Parkinson’s Disease


A progressive nervous system disorder affecting movement is termed Parkinson's disease. A mild tremor in one hand is an early symptom of Parkinson’s and gradually leads to stiffness or slowing of movement.The face of an affected individual shows little or no expression, and the arms may not swing while walking. Speech becomes soft or slurred.

The different stages of Parkinson’s disease are as mentioned below:

Stage One: Mild symptoms are noted that do not interfere with daily activities. Tremors occur on one side of the body.

Stage Two: Tremor, rigidity, and movement symptoms affect both sides of the body. Walking problems and gait issues are prominent.

Stage Three: Loss of balance and slowness of movements are noticed. Falls are more common.

Stage Four: Though standing independently is possible, movement requires a walker. Daily activities require help.

Stage Five: Stiffness in the legs makes it impossible to stand. Nursing care is required as the person experiences hallucinations and delusions.

What are the Symptoms of Parkinson’s Disease
The signs and early symptoms of the disease condition are as follows:

  • Cramped handwriting
  • Tremor
  • Uncontrollable movements during sleep.
  • Limb stiffness or bradykinesia
  • Stooped posture

What are the Causes of Parkinson’s Disease
Neurons in the brain gradually die producing dopamine in the brain. When dopamine levels decrease, it leads to abnormal brain activity. This is a symptom of having Parkinson's disease.

Some of the causes for Parkinson's disease are as follows:

Genes: Specific genetic mutations cause Parkinson's disease

Environmental triggers: Exposure to certain toxins

Presence of Lewy bodies: Clumps of specific substances in the brain cells called Lewy bodies are causative for Parkinson’s disease

What are the Complications of Parkinson’s Disease
Parkinson's disease isaccompanied by the following:

  • Thinking difficulties and dementia
  • Depression and emotional changes
  • Swallowing problems
  • Chewing and eating problems
  • Sleep problems
  • Kidney and bladder problems
  • Constipation
  • Blood pressure changes
  • Fatigue
  • Pain
  • Sexual dysfunction

How is Parkinson’s Disease Diagnosed
There are no specific tests to diagnose Parkinson's disease. A neurologist diagnoses Parkinson's disease based on medical history, a review of the signs and symptoms, and a neurological examination. A dopamine transporter scan is performed as it helps support the suspicion of having Parkinson's disease. Blood tests are done to rule out other conditions. Regular follow-ups with neurologists helps to evaluate the symptoms over time.

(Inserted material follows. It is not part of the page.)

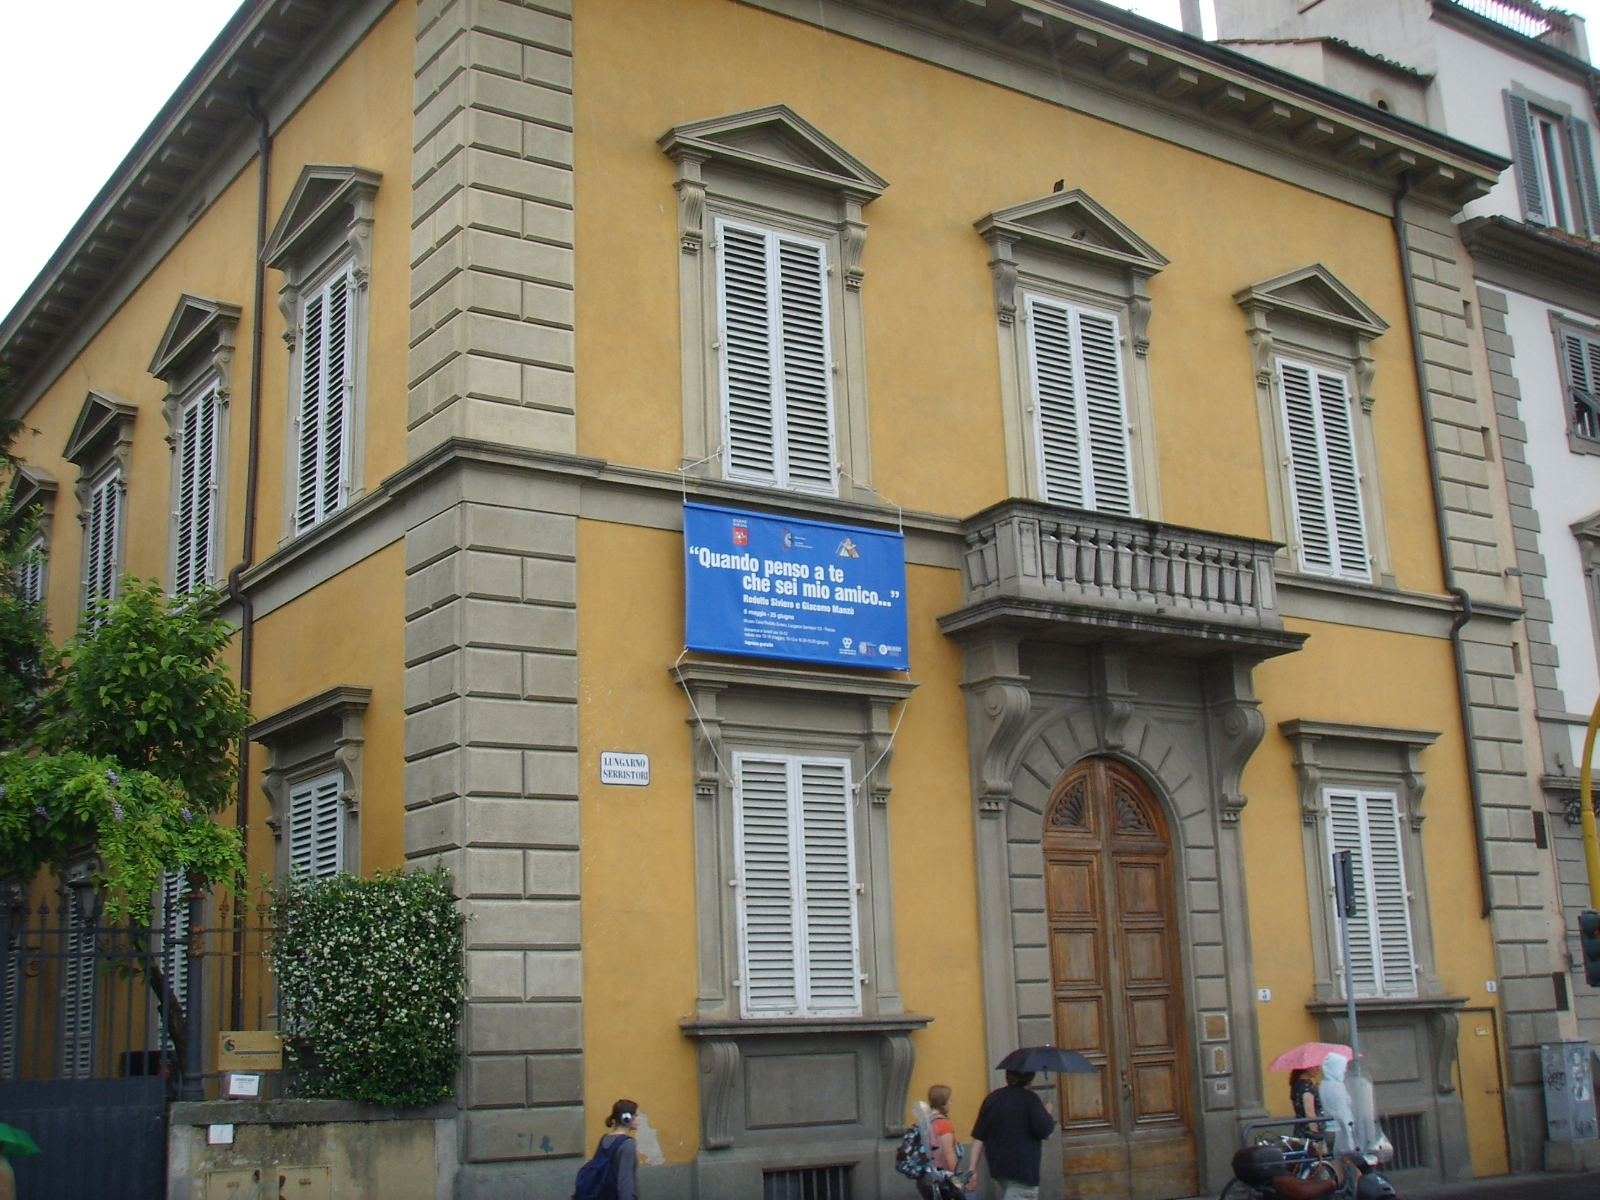 Rodolfo Riviero House Museum

How is Parkinson’s Disease Treated
There is no cure for Parkinson’s disease, though medications help control the severity of the symptoms. Lifestyle changes are made, especially aerobic exercises are prescribed. A speech-language pathologist helps improve the speech issues. Medications include a substitute for dopamine to manage problems with walking, movement and tremor.

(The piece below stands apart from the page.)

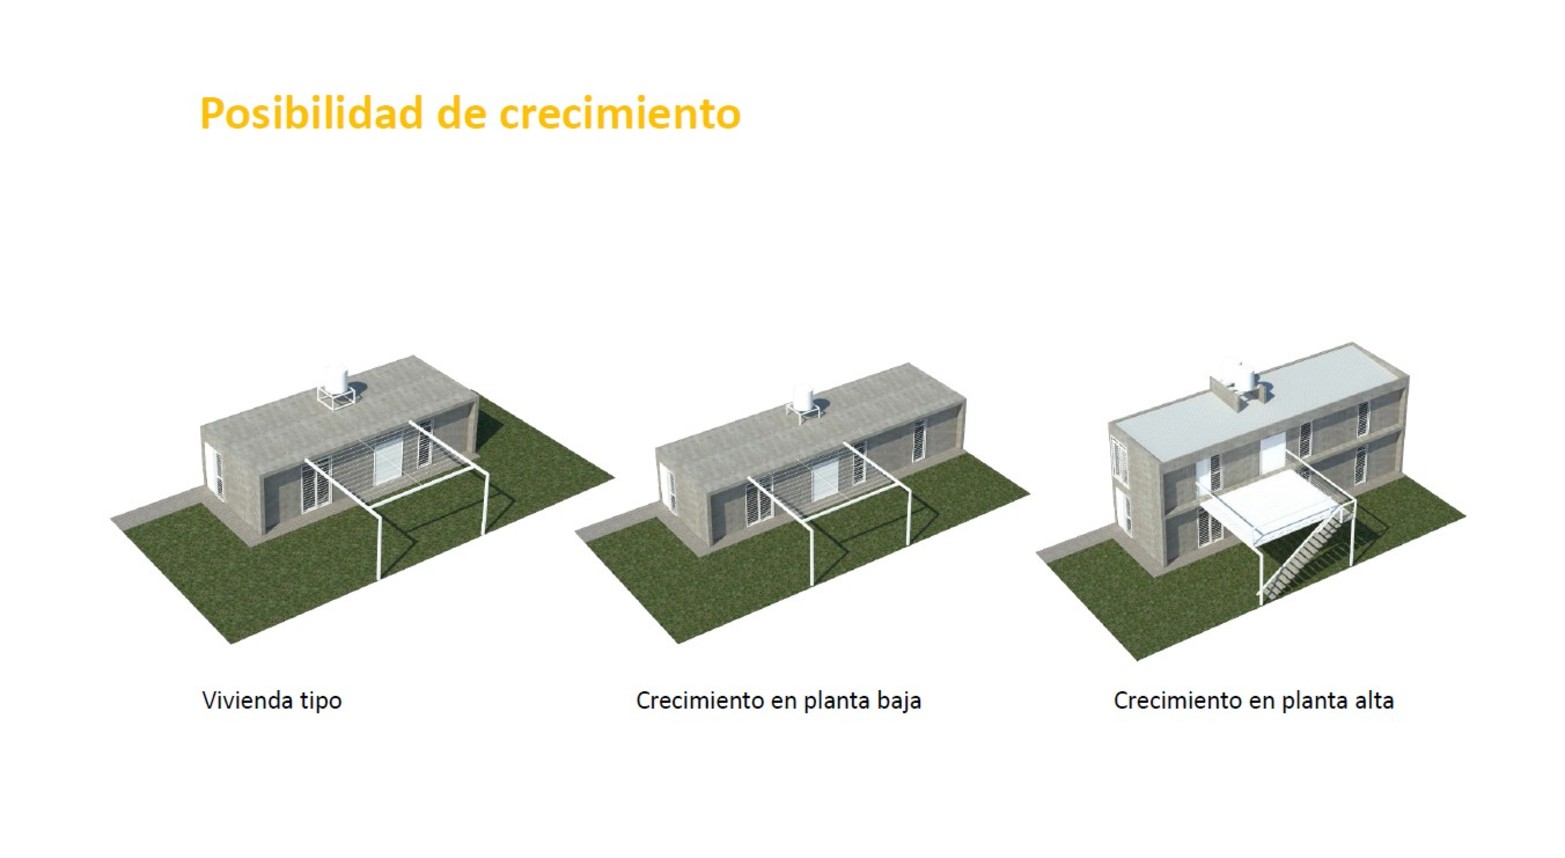 Los distintos modelos de viviendas, en sus diferentes etapas de ampliación.

Stem Cell Therapy for Parkinson’s Disease
Stem cells are cells that can differentiate into any cell type based on the requirement. Research on stem cells has shown that dopamine cells can be produced from stem cells. Stem cells differentiate into dopamine producing neurons, which is then used to treat Parkinson’s disease. Stem cells can become any cell of the body and thus are a promising source for new dopamine cells. These cells imitate the functions of dopamine neurons, thereby being able to treat Parkinson’s disease. Also the paracrine the activities of stem cells accompanied with stem cell differentiating into neural cells can overcome the brain damage and symptoms pertaining to it.